Most systems in the physical world are spatio-temporal in nature. The clouds move over our heads, vehicles travel on the roads and electricity is transmitted through vast spatial networks. Machine learning offers many opportunities to understand and forecast the evolution of these systems by making use of large amounts of collected data. However, building useful models of such systems requires taking both spatial and temporal correlations into account. We can not accurately forecast the weather in Linköping without knowing if there is hot air blowing in from the south. Similarly, we can not predict if a vehicle is about to make a left turn without knowing its position and velocity relative to other vehicles on the road. This thesis proposes a set of methods for accurately capturing such spatio-temporal dependencies in machine learning models. 

At the core of the thesis is the idea of using graphs as a way to represent the spatial relationships in spatio-temporal systems. Graphs offer a highly flexible framework for this purpose, in particular for situations where observation locations do not lie on a regular spatial grid. Throughout the thesis, spatial graphs are constructed by letting nodes correspond to spatial locations and edges the relationships between them. These graphs are then used to construct different machine learning models, including graph neural networks and probabilistic graphical models. Combining such graph-based components with machine learning methods for time series modeling then allows for capturing the full spatio-temporal structure of the data. 

The main contribution of the thesis lies in exploring a number of methods using graph-based modeling for spatio-temporal data. This includes extending temporal graph neural networks to handle data observed irregularly over time. Temporal graph neural networks are also used to develop a model for vehicle trajectory forecasting, where the edges of the graph correspond to interactions between traffic agents.
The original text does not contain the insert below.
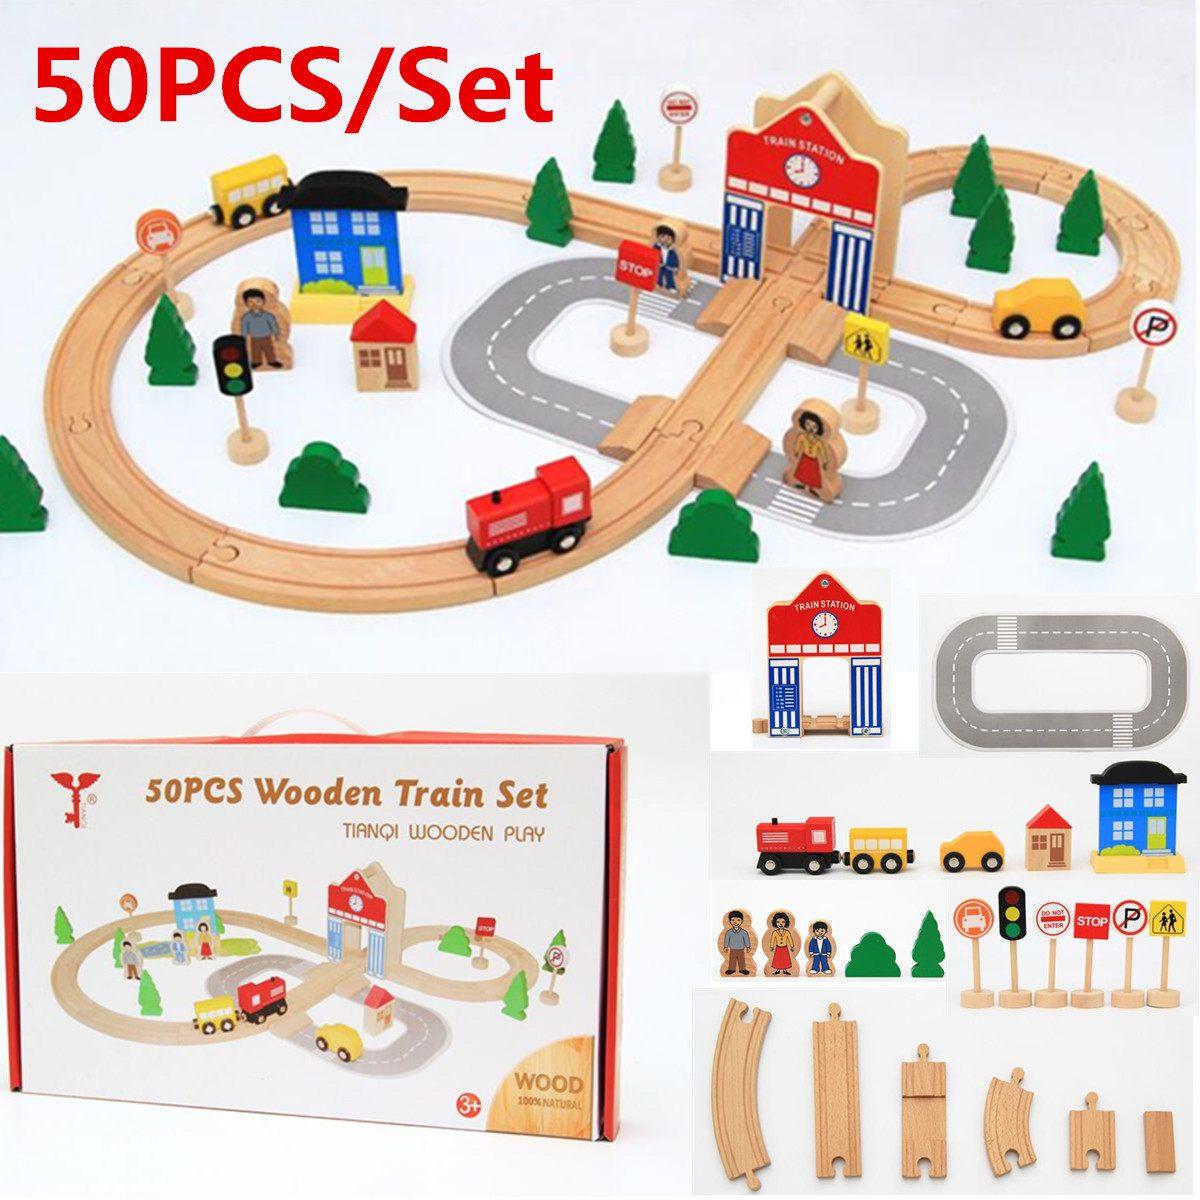 50PCS Wooden Train Track Railway Bridge Electric Train Track Set Magnetic Racing Track Blocks Vehicles Kids Toys Children Gifts

The thesis additionally includes work on Bayesian modeling, where a connection between Gaussian Markov random fields and graph neural networks allows for building scalable probabilistic models for data defined using graphs. 

A motivation for the methods developed in this thesis is the increasing use of machine learning in earth science. Capturing relevant spatio-temporal relationships is central for building useful models of the earth system. The thesis includes numerous experiments making use of weather and climate data, as well as application-driven work specifically targeting weather forecasting. Recent years have seen rapid progress in using machine learning models for weather forecasting, and the thesis makes multiple contributions in this direction. A probabilistic weather forecasting model is developed by combining graph-based methods with a latent variable formulation. Lastly, machine learning limited area models are also explored, where graph neural networks are used for regional weather forecasting.